Fighting to Protect and Expand Reproductive Rights

NARAL Pro-Choice America is a powerhouse organization that Fortune Magazine once described as “one of the top 10 advocacy groups in America”. Made up of pro-choice women and men across the United States, they fight to protect and expand reproductive rights through:

  • Lobbying Congress to convince elected representatives to support the right to choose.
  • Organizing women and men to make sure that lawmakers hear from the pro-choice people they represent.
  • Connecting what happens in Congress or in the states to how it affects the ability to make private decisions, like choosing legal abortion.
  • Working with state affiliates to advance ideas that are good for women’s freedom.

Recently we had the pleasure to sit down with their Digital Media Associate, Rebecca Wall. We asked her about the challenges of her work, moving supporters to action, and the future of NARAL.

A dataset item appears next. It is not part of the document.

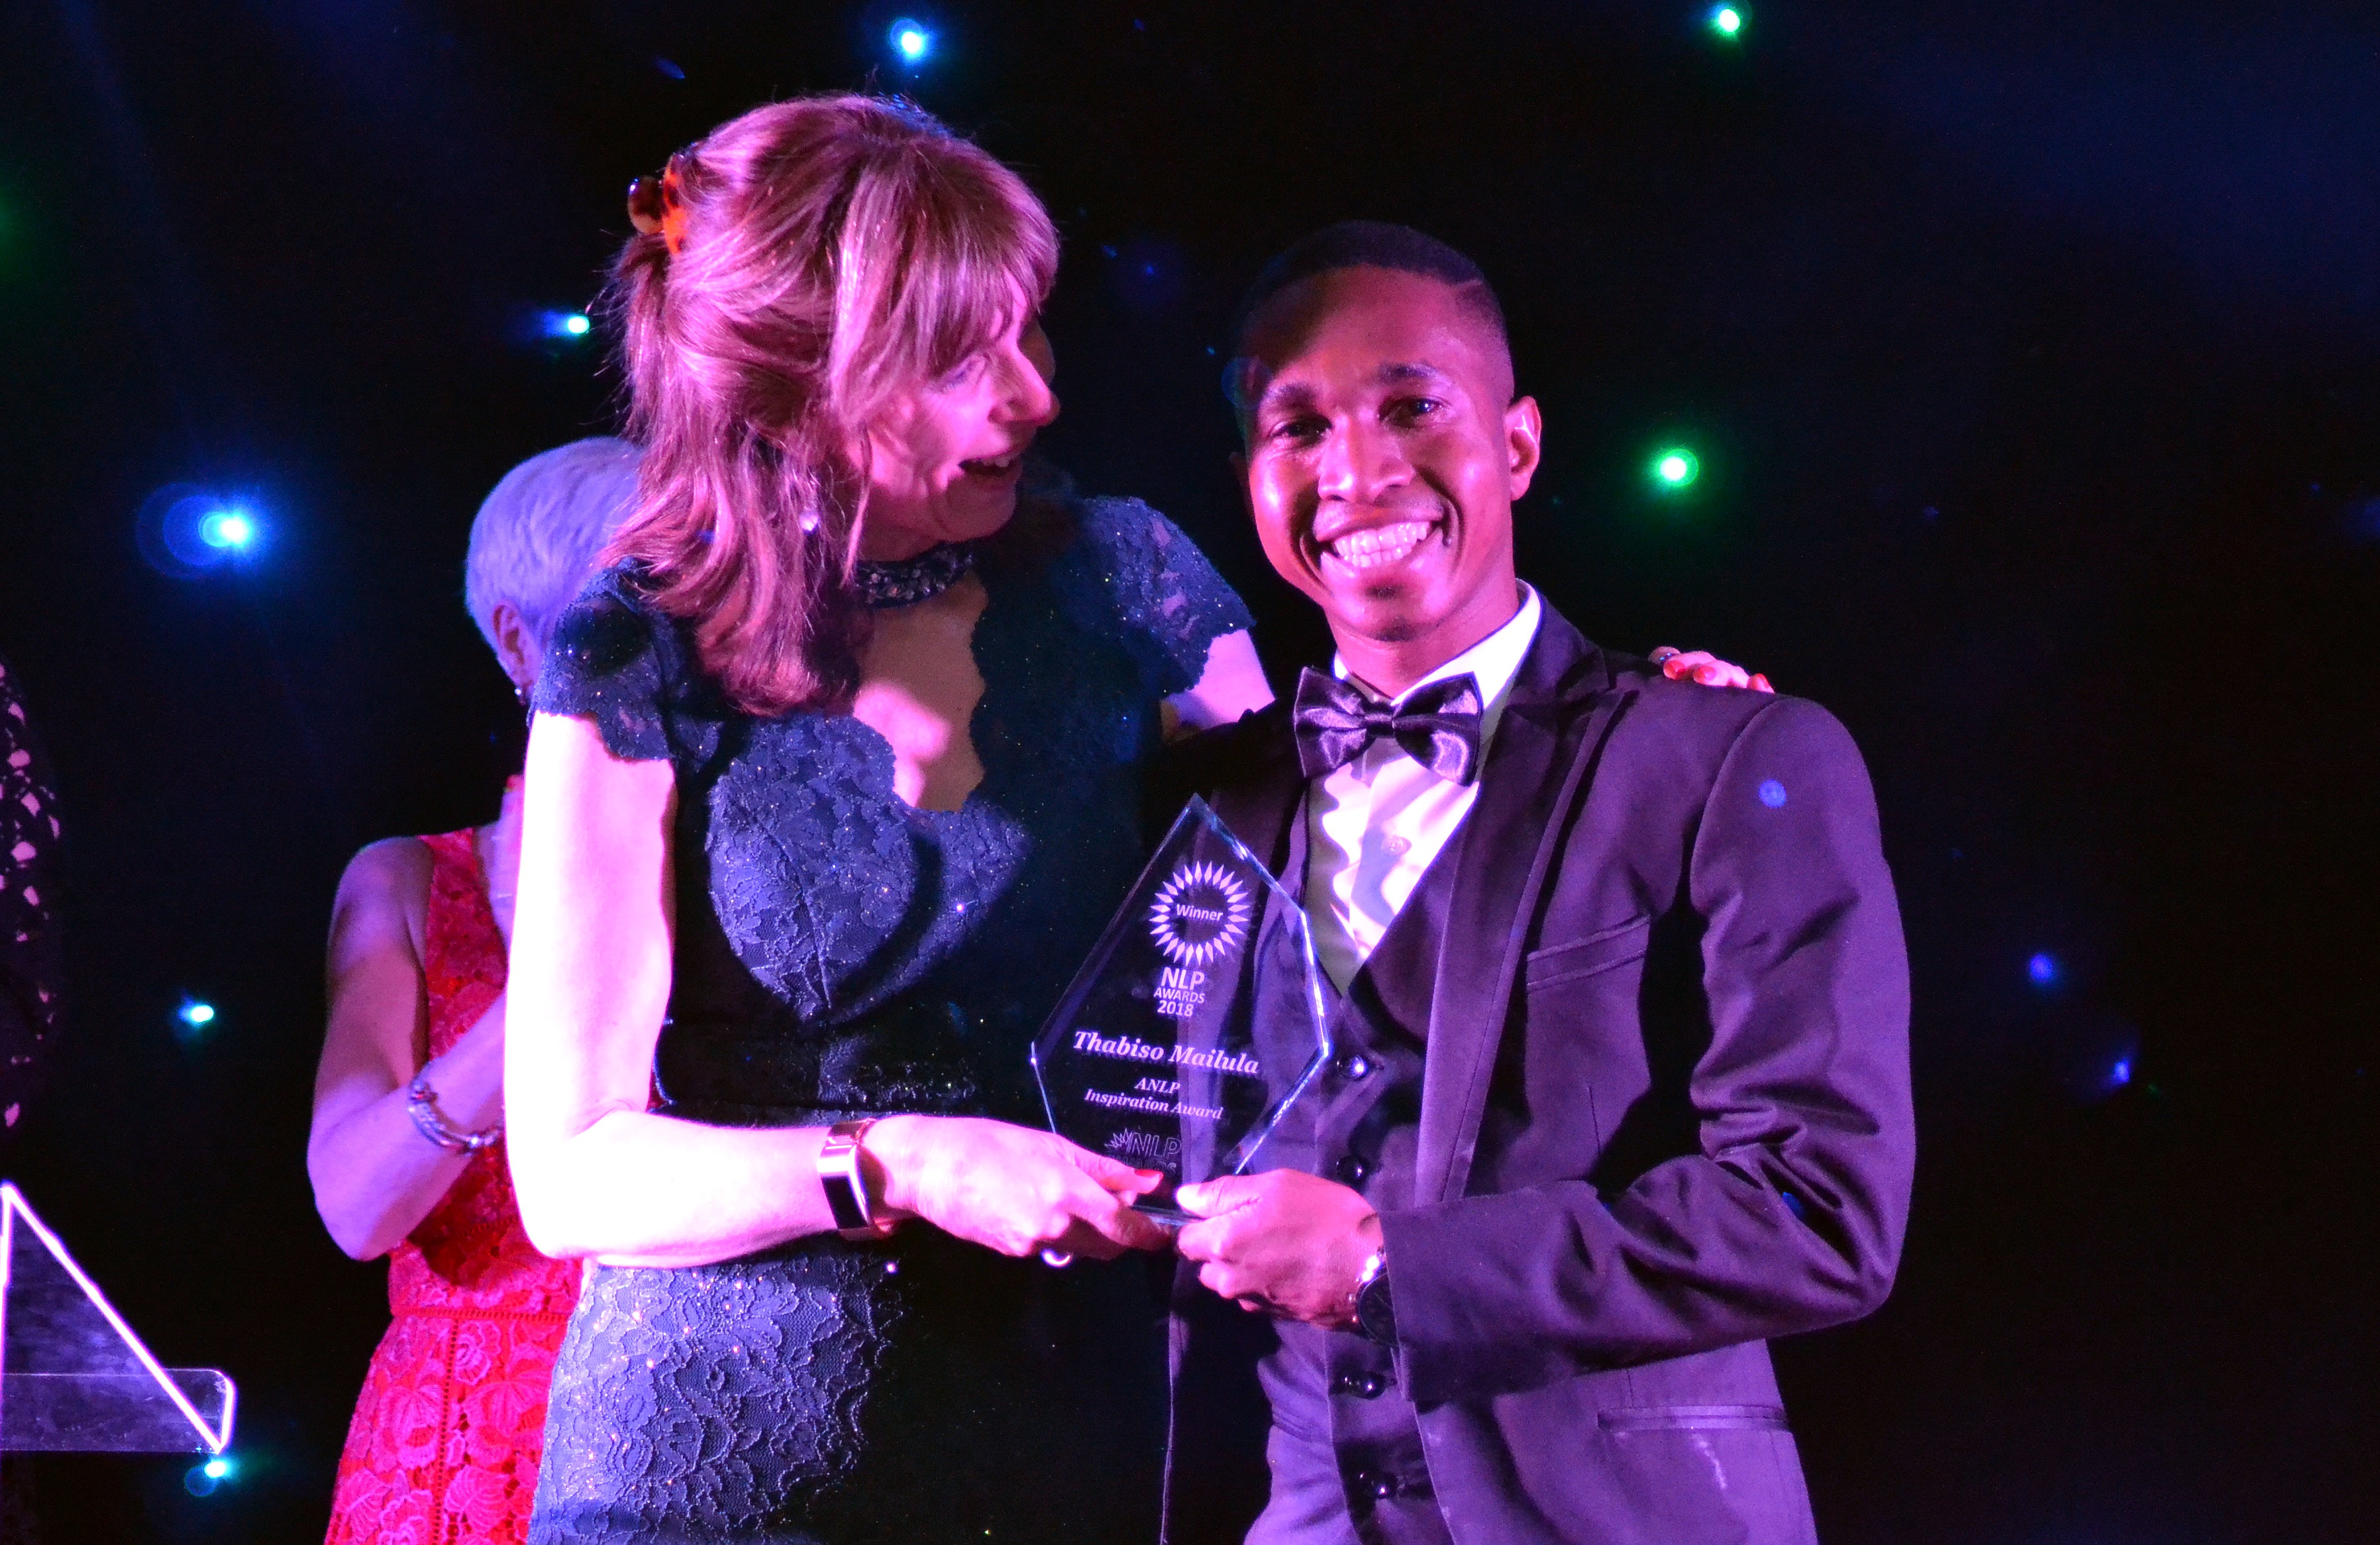 Thabiso Mailula 2018 Award winner

Here’s what she had to say.

ActionSprout (AS): How long have you managed social media communications and where did you get your start?

Rebecca Wall (RW): I started managing social media communications when I came to NARAL Pro-Choice America in May 2014, so for 1 year.

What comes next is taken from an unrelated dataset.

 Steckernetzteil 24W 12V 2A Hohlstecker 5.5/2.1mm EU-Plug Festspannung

(AS): Tell us a bit about where you work. Why did you want to work with NARAL Pro-Choice America?

(RW): NARAL has long been a leader in the movement for reproductive freedom, and I’ve been a supporter of gender equality and the right to choose for as long as I can remember—I attended my first NARAL Pro-Choice America march when I was only 2 years old! (And here’s the photographic evidence to prove it!)

Screen Shot 2015-05-29 at 1.52.03 PM

(AS): The interest in reproduction rights seems to be growing. Why do you think that is?

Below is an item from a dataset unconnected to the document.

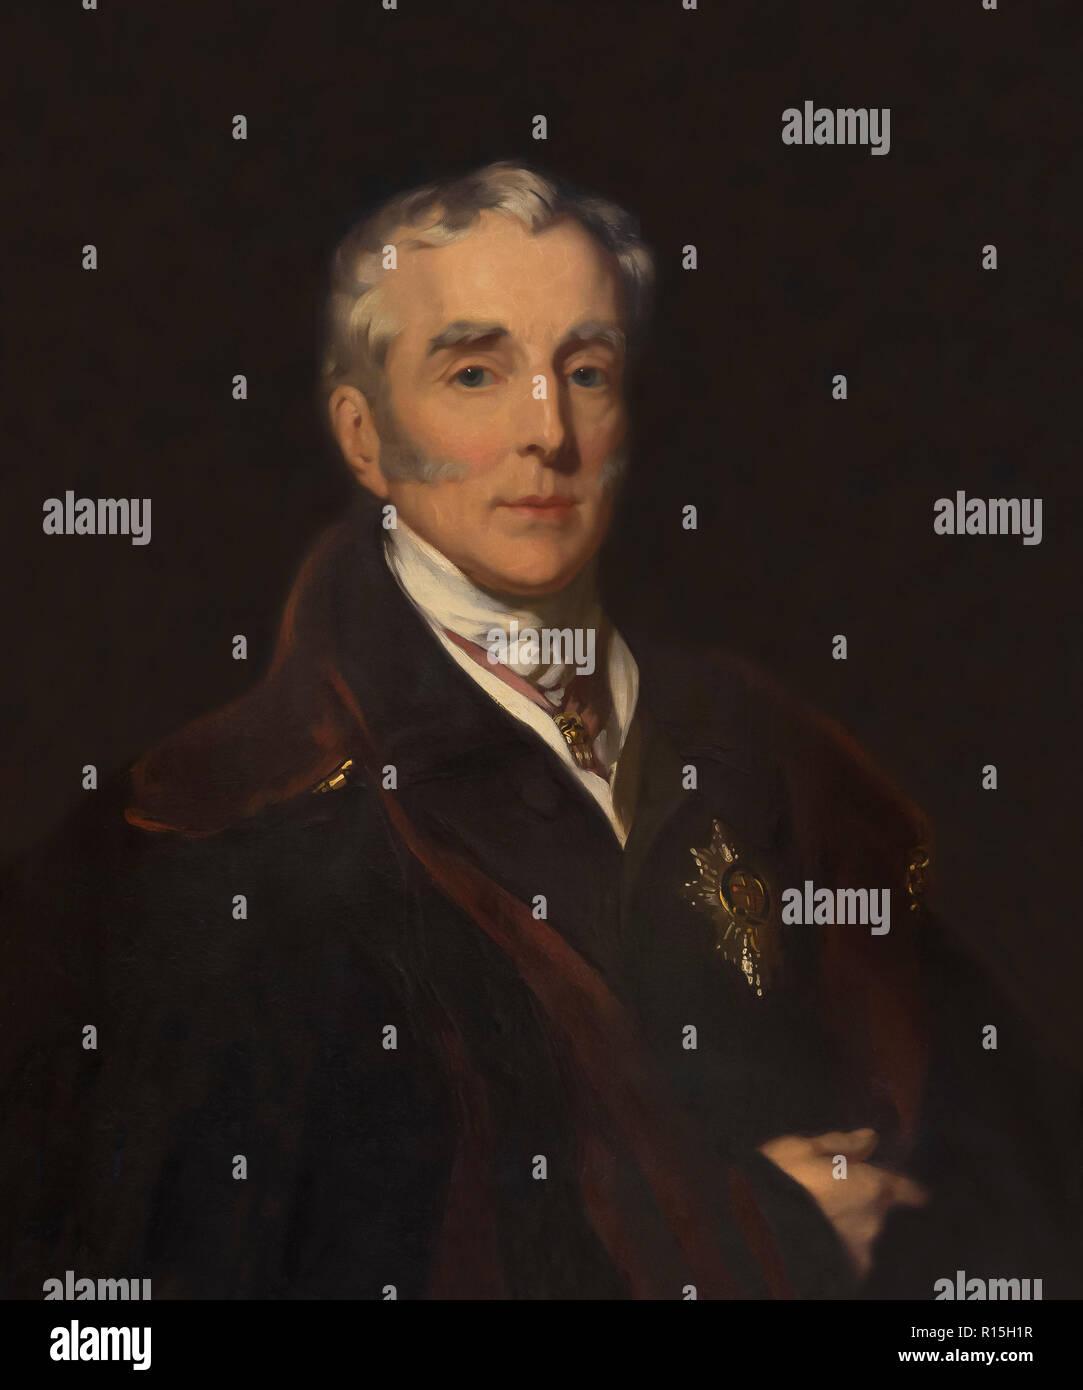 Duke of Wellington, Portrait, John Lucas, 1839, Lady Lever Art Gallery, Port Sunlight, Liverpool, England, UK, Europe - Stock Image

(RW): This is one of our most basic, fundamental human rights: the right to decide if, how, when and with whom we have children. Anti-choice politicians have been trying to chip away at that right at exceptional rates, and people are outraged by that.

(AS): What do you wish other people knew about your nonprofit?

(RW): NARAL Pro-Choice America is an organization full of exceptional people who are dedicated to reproductive freedom and full equality in their very core. Everyone here cares a lot about not only birth control and abortion access, but also about maternal health, equal pay and social justice.

(AS): What do you think will change about NARAL over the next five years?

(RW): NARAL is in the midst of a huge culture shift, which has allowed us to be more and more open to trying new things in the online sphere in order to make it clear that 7 in 10 Americans support reproductive freedom and want politicians to quit playing doctor, which is really fun to be a part of. We try to respond to things quickly and aren’t afraid to try new things.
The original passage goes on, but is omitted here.